En
nuestra vida diaria, la influencia de nuestras emociones tiene una gran
importancia. A medida que vamos creciendo y evolucionando, nuestro entorno y
nuestra personalidad también lo harán. Debemos aprender que las cosas cambian y
que hemos de adaptarnos a esos cambios. Éstos pueden originar miedo y el miedo
en la mayoría de los casos nos limita y bloquea por lo que hemos de saber
controlarlo.
Por ello, es muy importante conocer las emociones que
sentimos para poder identificarlas, tanto las nuestras como las de los demás,
lo que nos facilitará desarrollar nuestra empatía.
Paul Ekman (1972) determinó las emociones primarias o
básicas como innatas y universales, es decir, comunes entre las personas de
todas las culturas. Estas serían: la alegría, la tristeza, el asco, el miedo, la
ira y la sorpresa. Estudios posteriores a Ekman, en la década de los 90,
añadieron a la lista de estas emociones las llamadas emociones secundarias. Éstas
son aprendidas y derivadas de las primarias. Por ejemplo: orgullo, amor, envidia, celos, vergüenza, culpa.
Todas ellas son igual de importantes y necesarias para un
desarrollo vital e integral óptimo en el individuo. El progreso de este
desarrollo producirá un aumento en la inteligencia emocional, en el razonamiento
reflexivo e incluso potenciará la capacidad de creatividad, así como la
autoestima del sujeto.
Es importante determinar qué origina y desencadena una
emoción en particular (estímulo externo por el ambiente o estímulo interno por
el pensamiento) y detectar dónde se manifiesta en nuestro cuerpo, con la
finalidad de reconocer los primeros síntomas de dicha emoción. Por ejemplo: dolor de cabeza ante una negación, dolor de estómago ante el miedo…

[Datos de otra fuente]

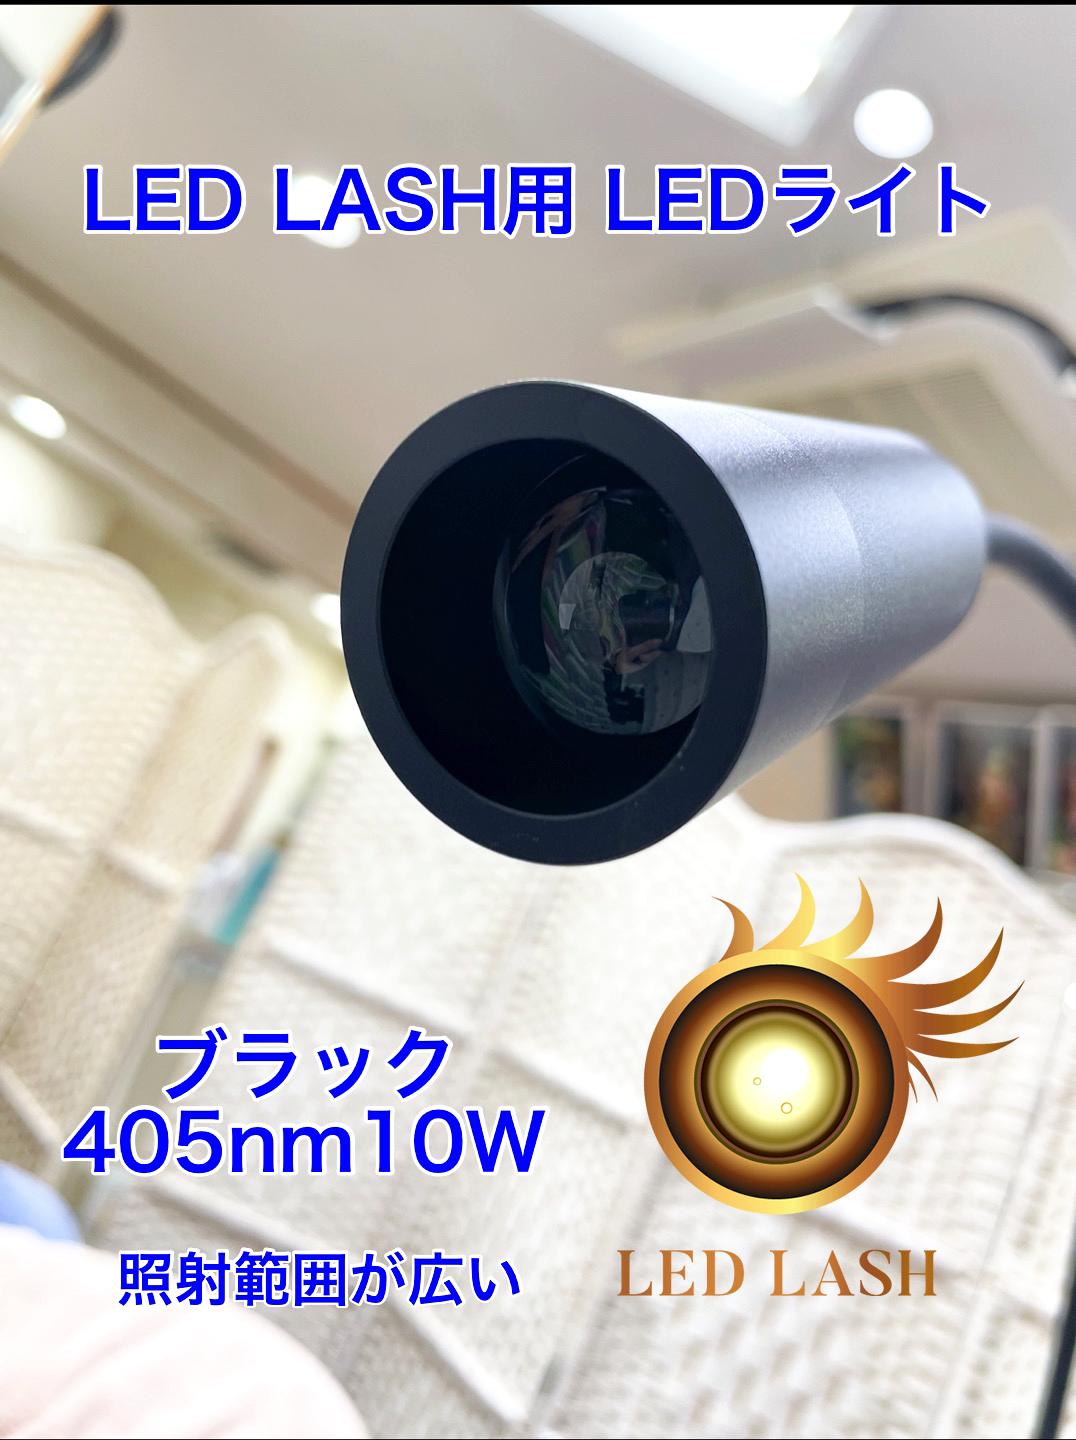 LEDまつ毛エクステ専用ライト405nm スタンドタイプ LED LASH画像

Durante los primeros años de vida, los niños aprenden
mediante la observación de su entorno (aprendizaje vicario) todas aquellas
conductas por parte de sus padres y familiares, educadores y sus iguales
(amigos, compañeros de clase), adquiriendo experiencias que fomentarán su
desarrollo.
Asimismo, descubrirán emociones experimentándolas y
expresando lo que sienten sin reprimirlas, tanto las emociones llamadas
positivas como negativas que se manifiestan en función del bienestar o malestar
que genera en nuestro organismo.
Señalar al respecto que en ocasiones una emoción calificada
como “negativa”, como sería el caso del miedo, puede prevenirnos de un posible
peligro y salvarnos la vida.
También es muy importante que aprendan a gestionar las
emociones a edad temprana, de forma que éstas no controlen su vida como suele
ocurrir en la edad adulta en la mayoría de los casos.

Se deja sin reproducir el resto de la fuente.